= Palghar taluka =

Palghar taluka is a taluka in Palghar district of Maharashtra an Indian state.

==Thane district==
On 1 August 2014, the talukas of Mokhada, Jawahar, Talasari, Vikramgadh, Wada, Dahanu, Palghar and Vasai were separated from the erstwhile Thane district to form a new district Palghar. Mr. Maheyssh Sagar is current Tahsildar & Executive Magistrate of Taluka Palghar. Mr. Vikas M. Gajare is current Sub Divisional Officer & Sub Divisional Magistrate of Palghar Sub Division.

== Demographics ==

Palghar taluka has a population of 550,166 according to the 2011 census.

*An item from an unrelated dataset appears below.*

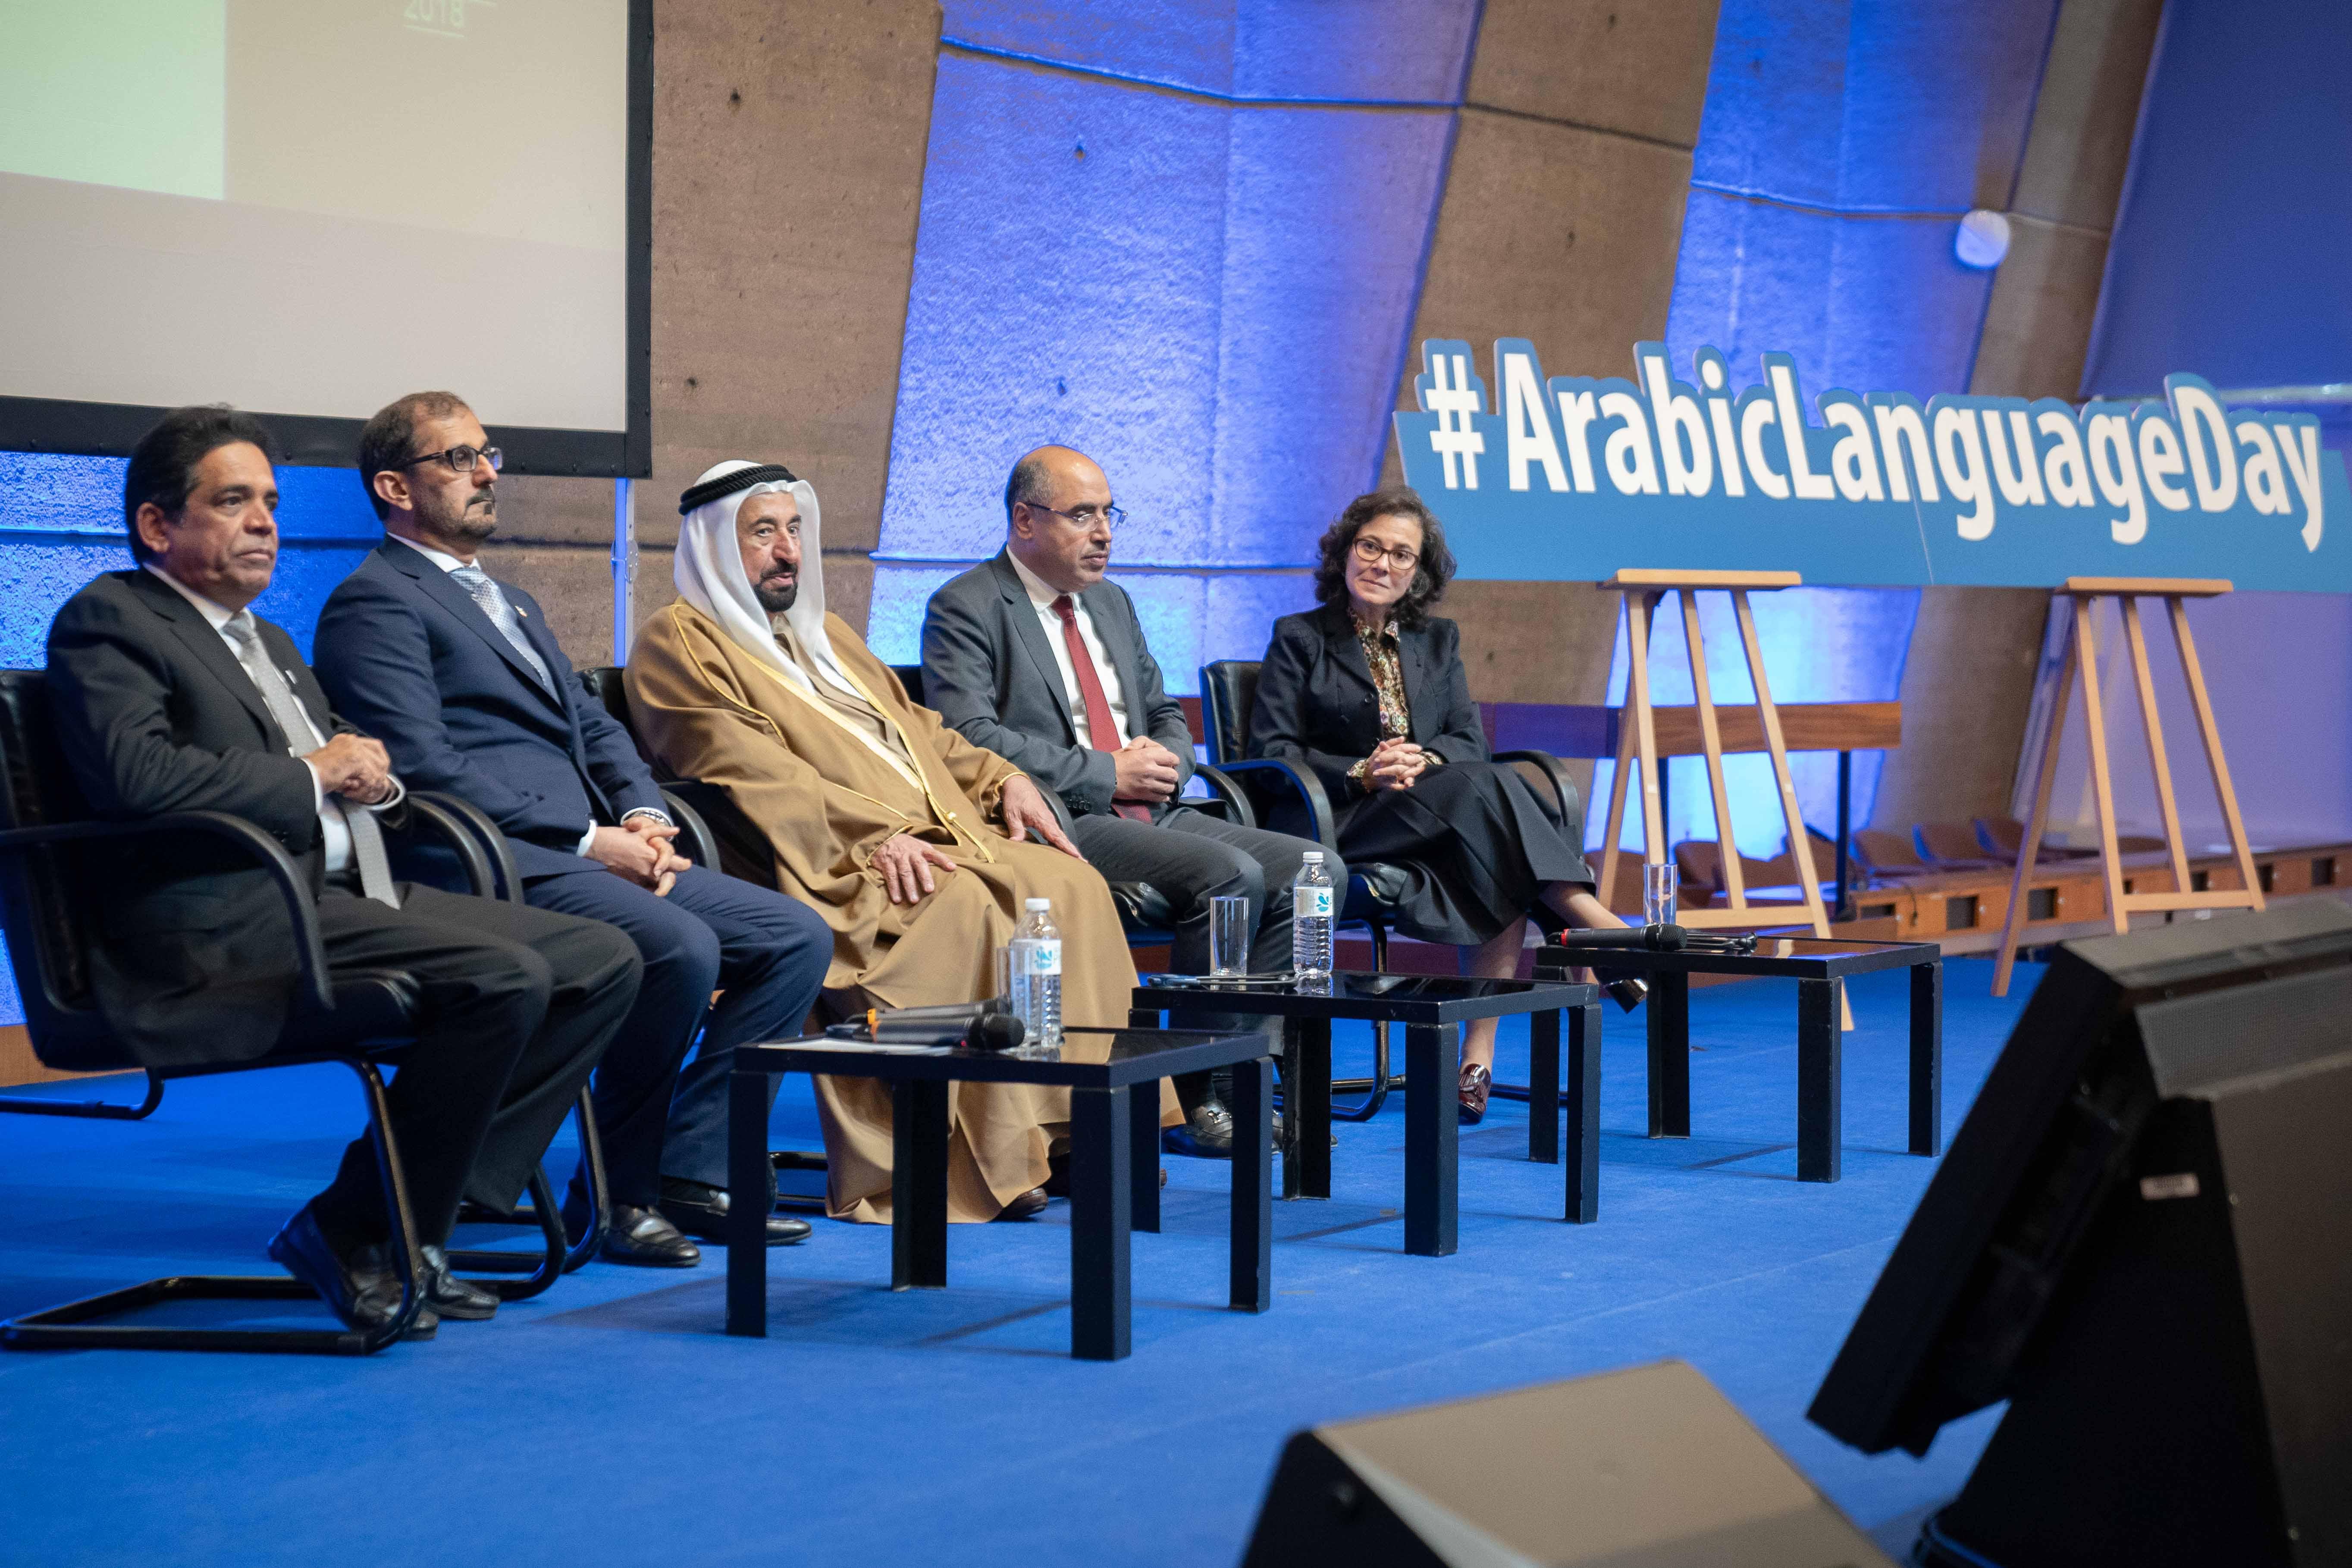 تكريم الفائزين في جائزة الألكسو / الشارقة في احتفالية اليوم العالمي للغة العربية باليونسكو 18 ديسمبر 2018

Palghar had a literacy rate of 80.69% and a sex ratio of 907 females per 1000 males. 69,554 (12.64%) are under 7 years of age. 225,380 (40.97%) lived in urban areas. Scheduled Castes and Scheduled Tribes make up 3.09% and 30.56% of the population respectively.

At the time of the 2011 Census of India, 70.91% of the population in the district spoke Marathi, 16.61% Hindi, 2.65% Gujarati, 2.29% Urdu, 2.10% Bhojpuri and 1.08% Marwari as their first language.